* [What you have to do] From the material below, please set down exactly the lines starting with the one with "Enelefant Og En" and going on through the one with "Поляризованные солнцезащитные очки", without a single picture.

* [Record set]
--- START ---

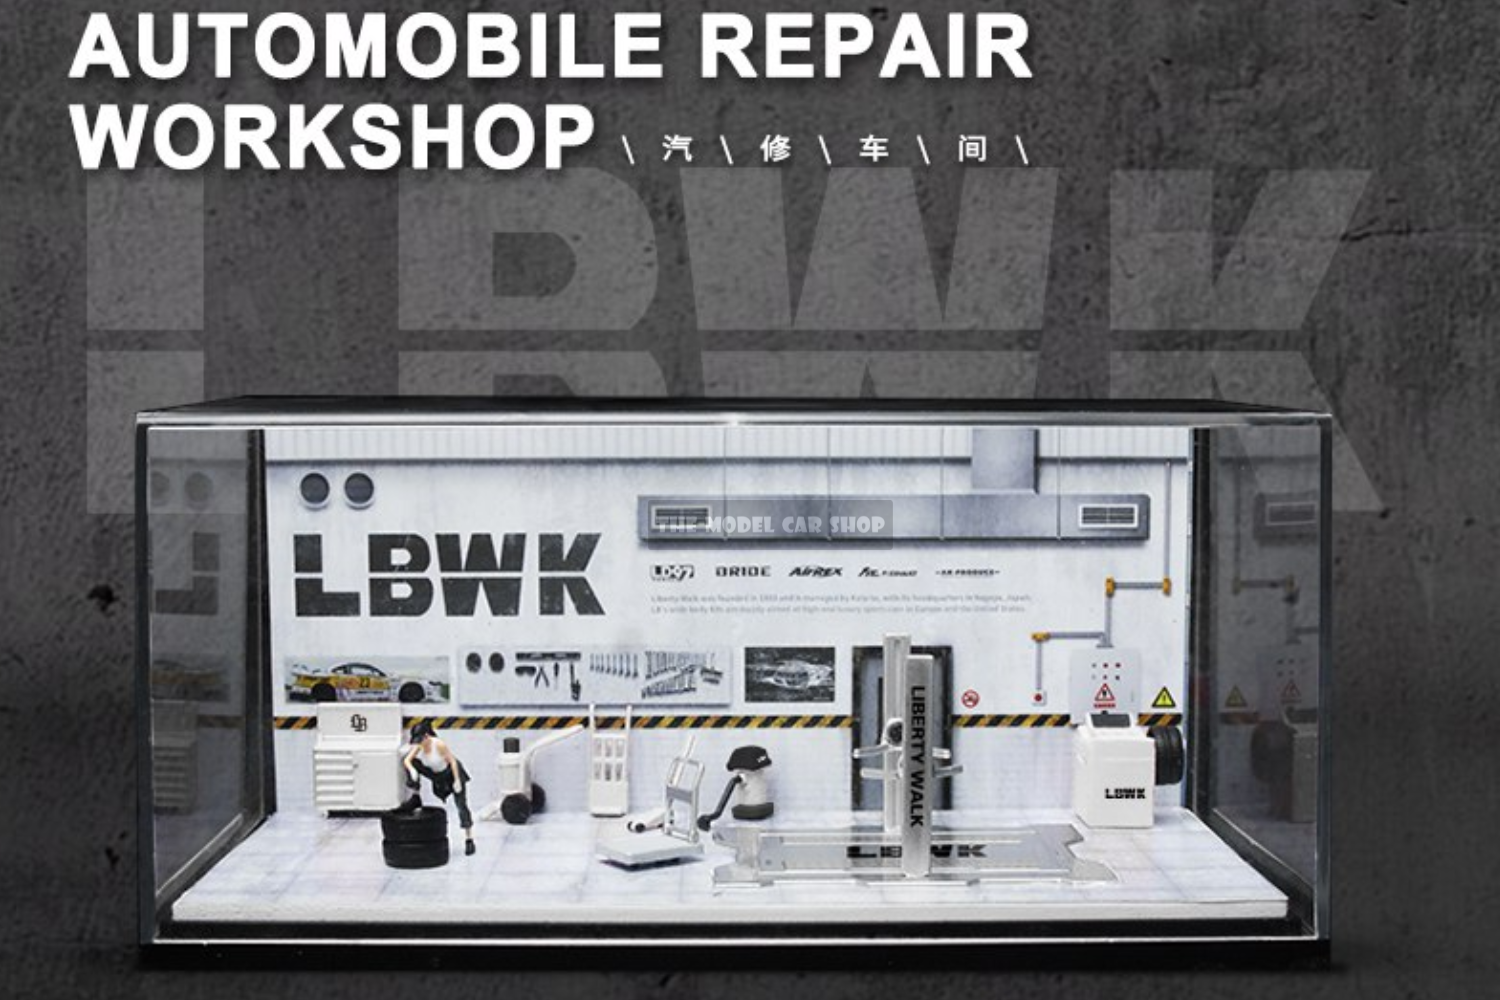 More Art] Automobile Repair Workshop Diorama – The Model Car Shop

--- END ---
--- START ---

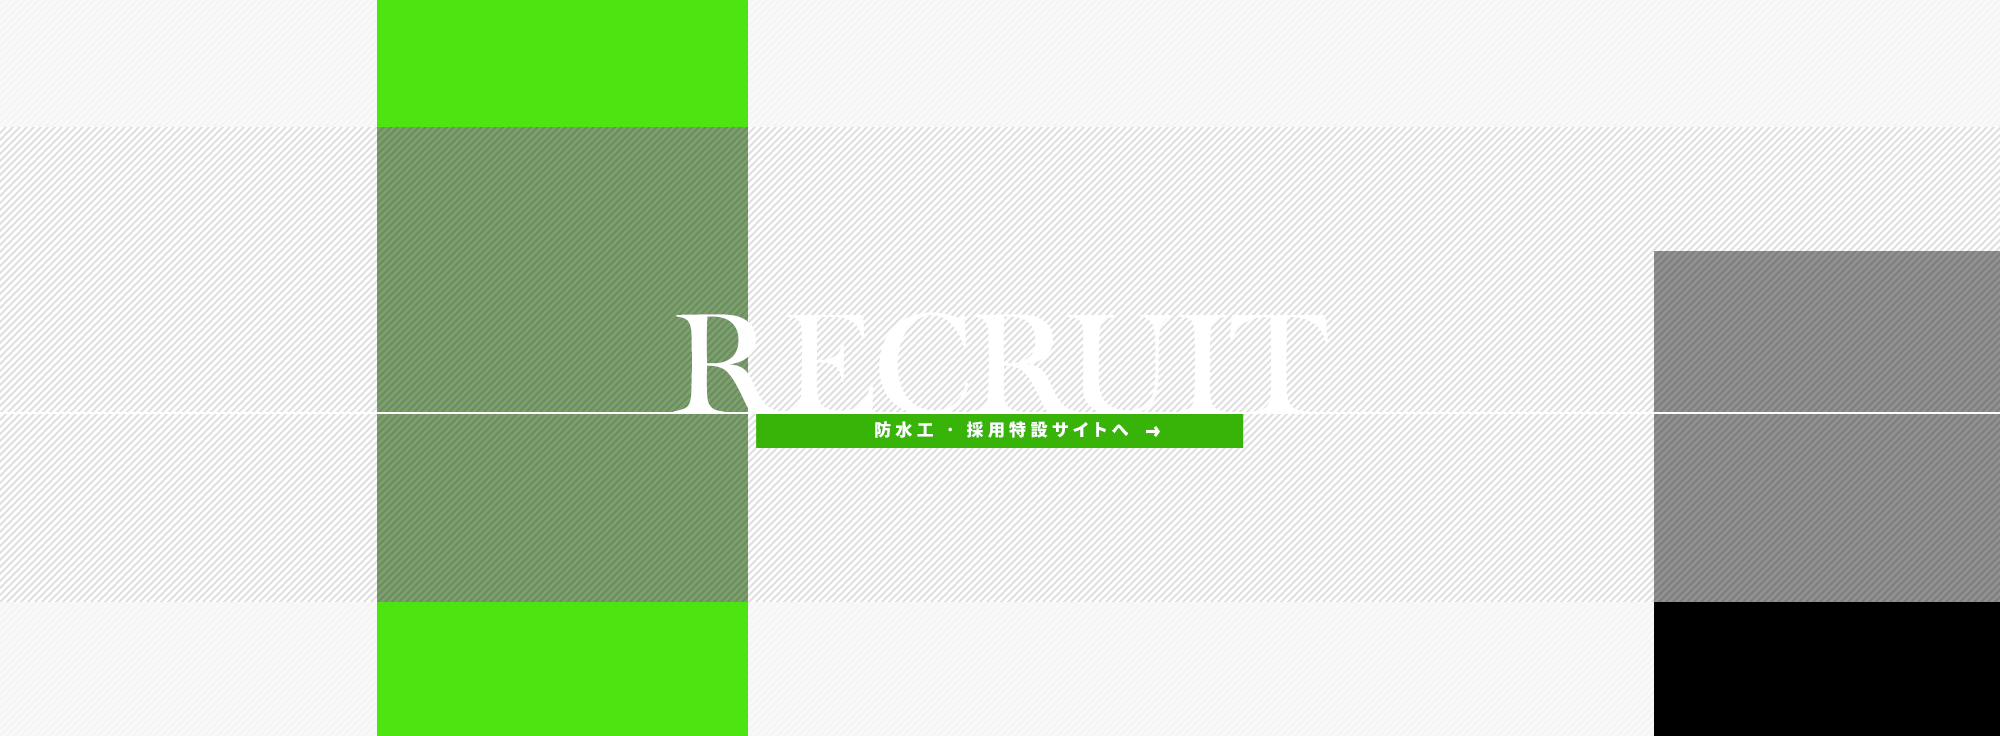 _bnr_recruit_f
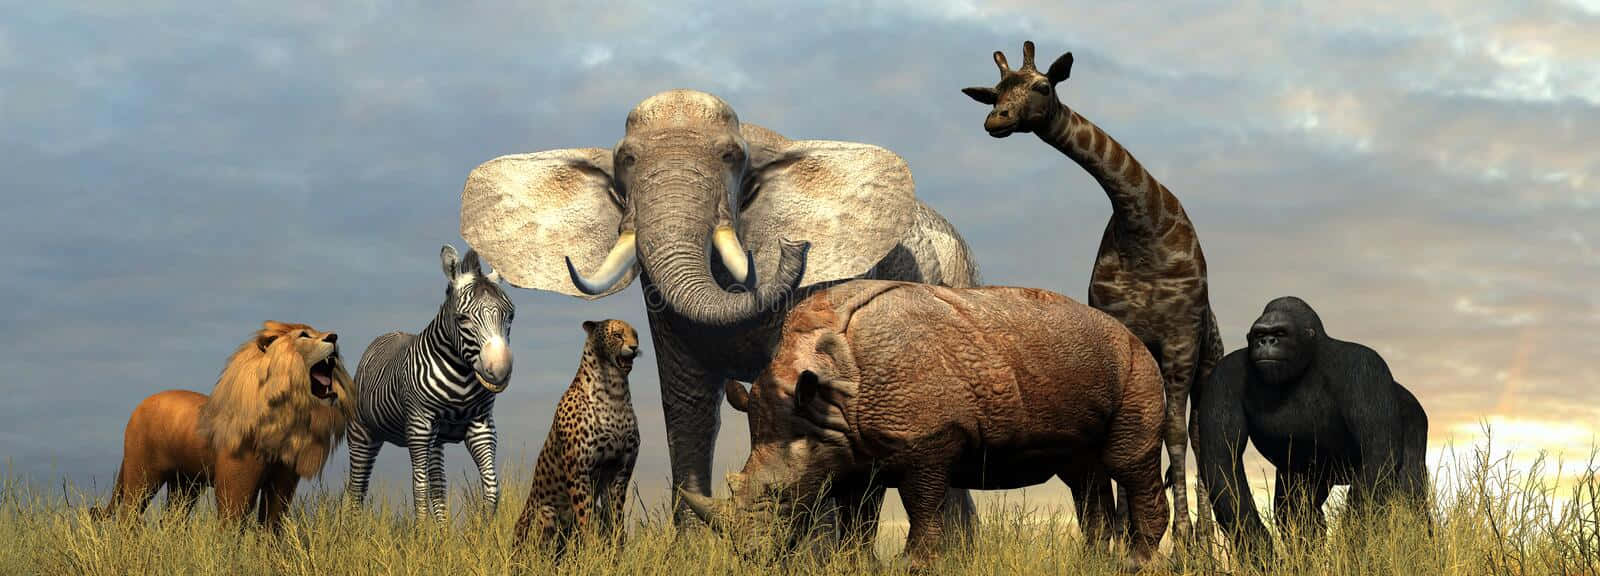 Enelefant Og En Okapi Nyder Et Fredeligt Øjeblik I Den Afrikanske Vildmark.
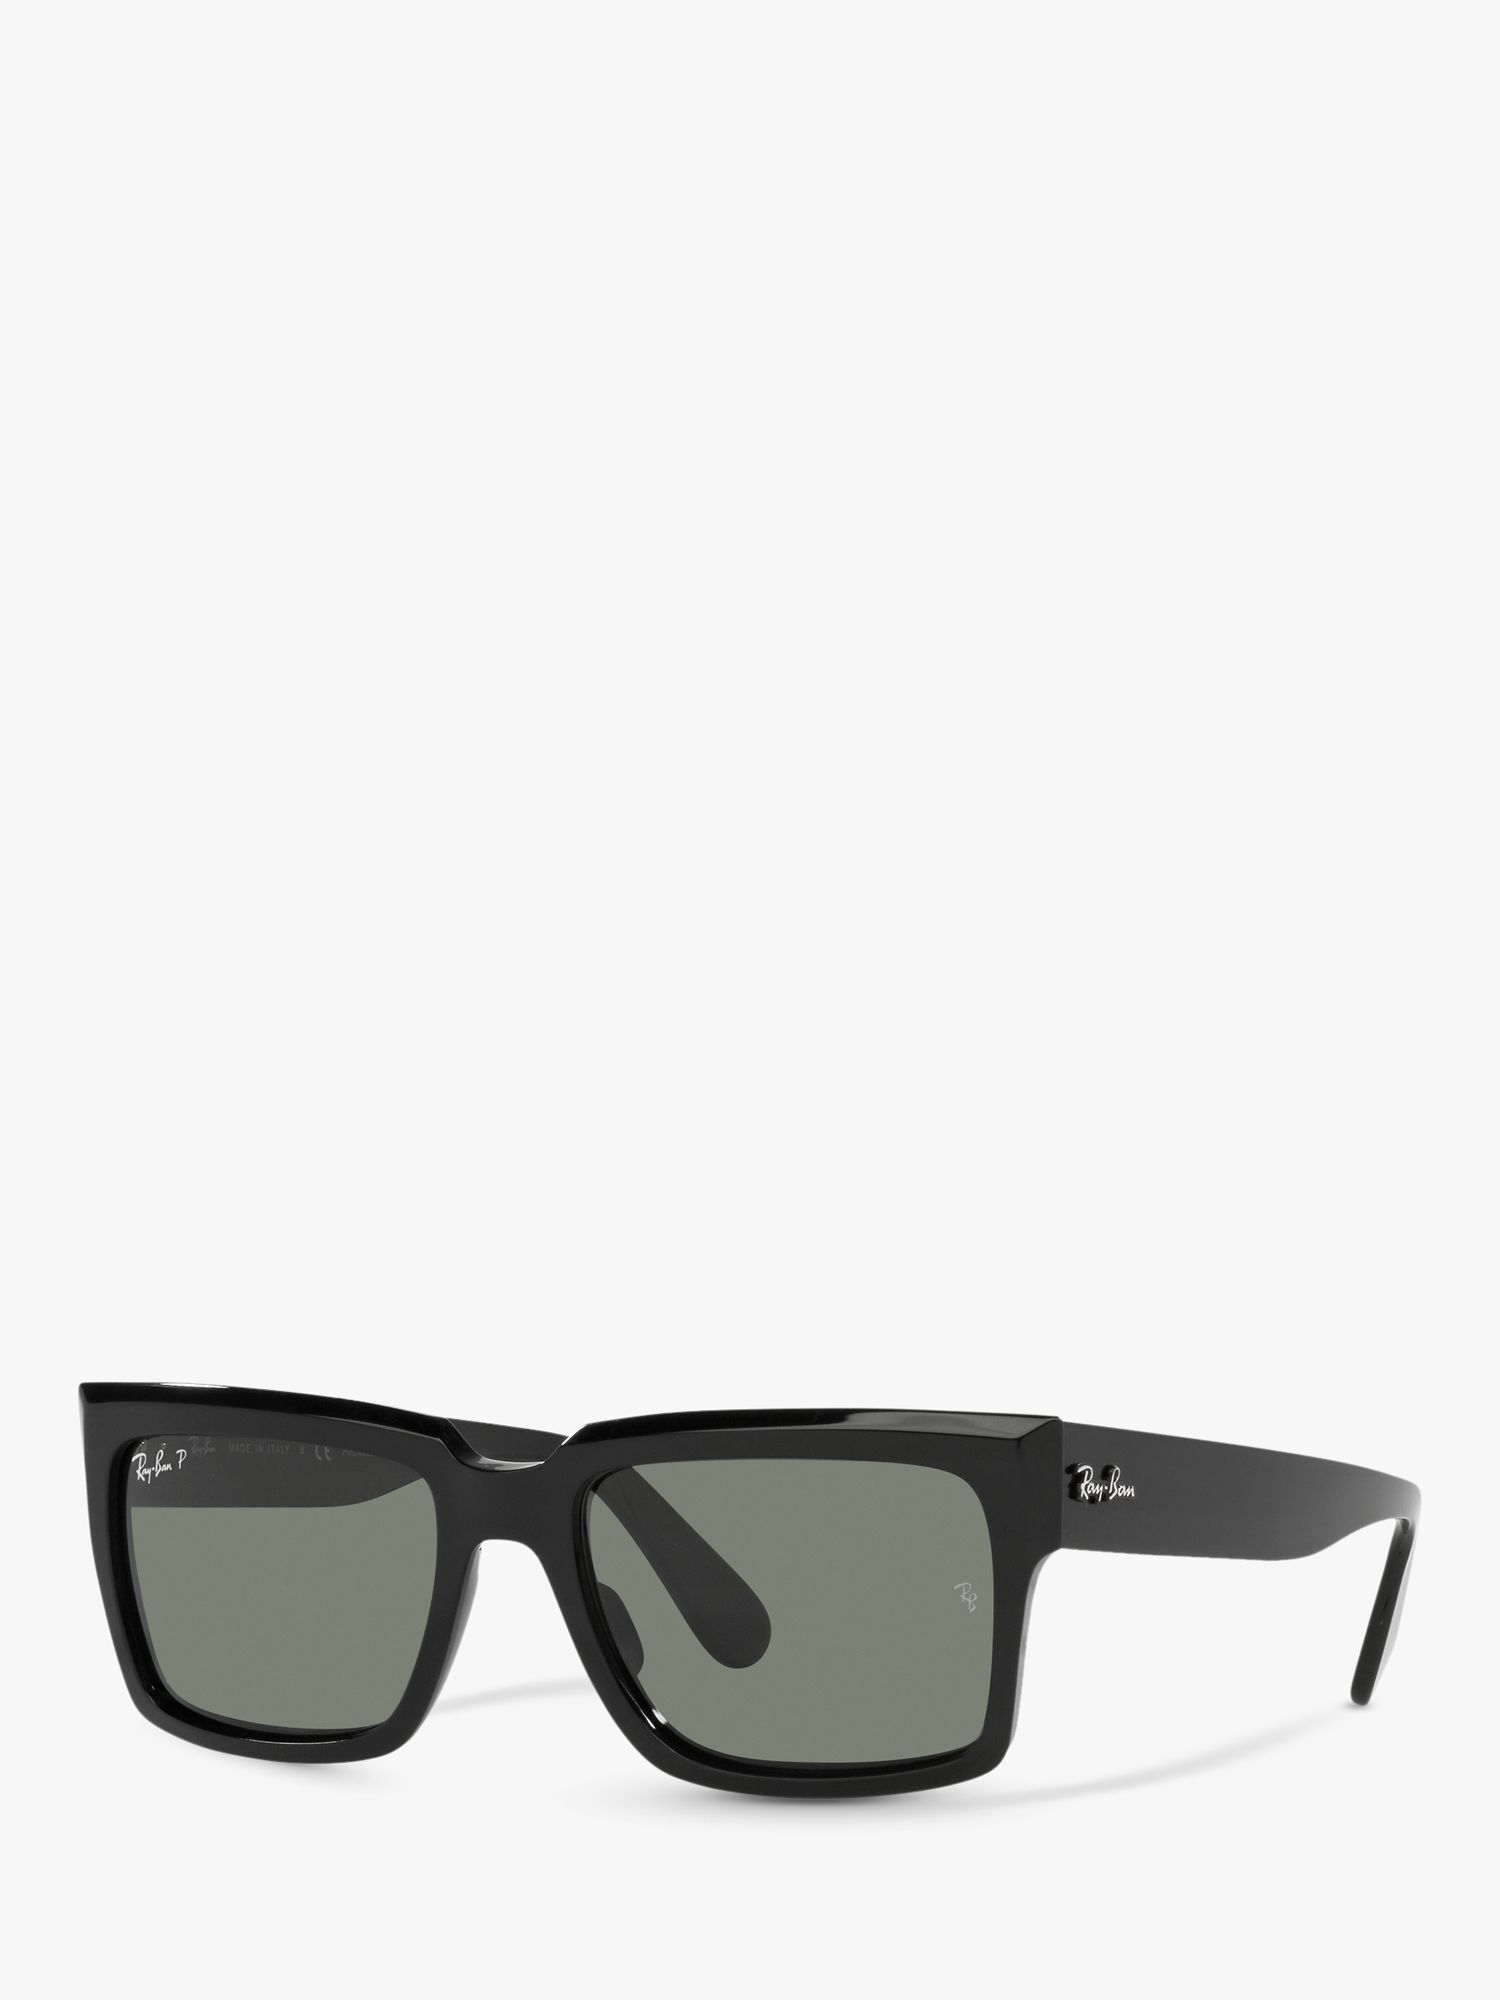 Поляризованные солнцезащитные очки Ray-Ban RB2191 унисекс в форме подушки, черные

--- END ---
--- START ---

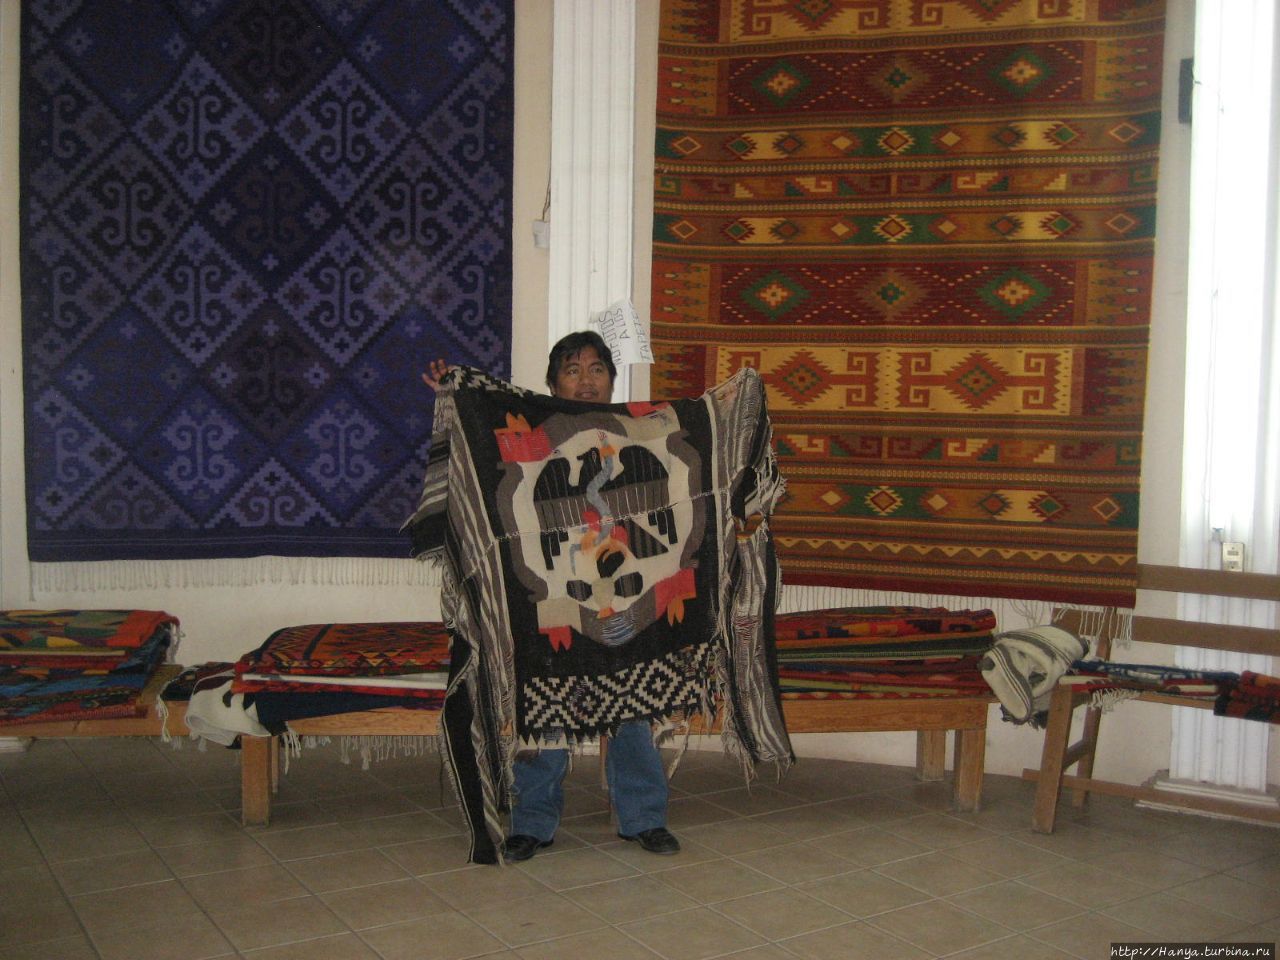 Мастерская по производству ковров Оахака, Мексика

--- END ---

* [Answer space]
 Enelefant Og En Okapi Nyder Et Fredeligt Øjeblik I Den Afrikanske Vildmark.
 Поляризованные солнцезащитные очки Ray-Ban RB2191 унисекс в форме подушки, черные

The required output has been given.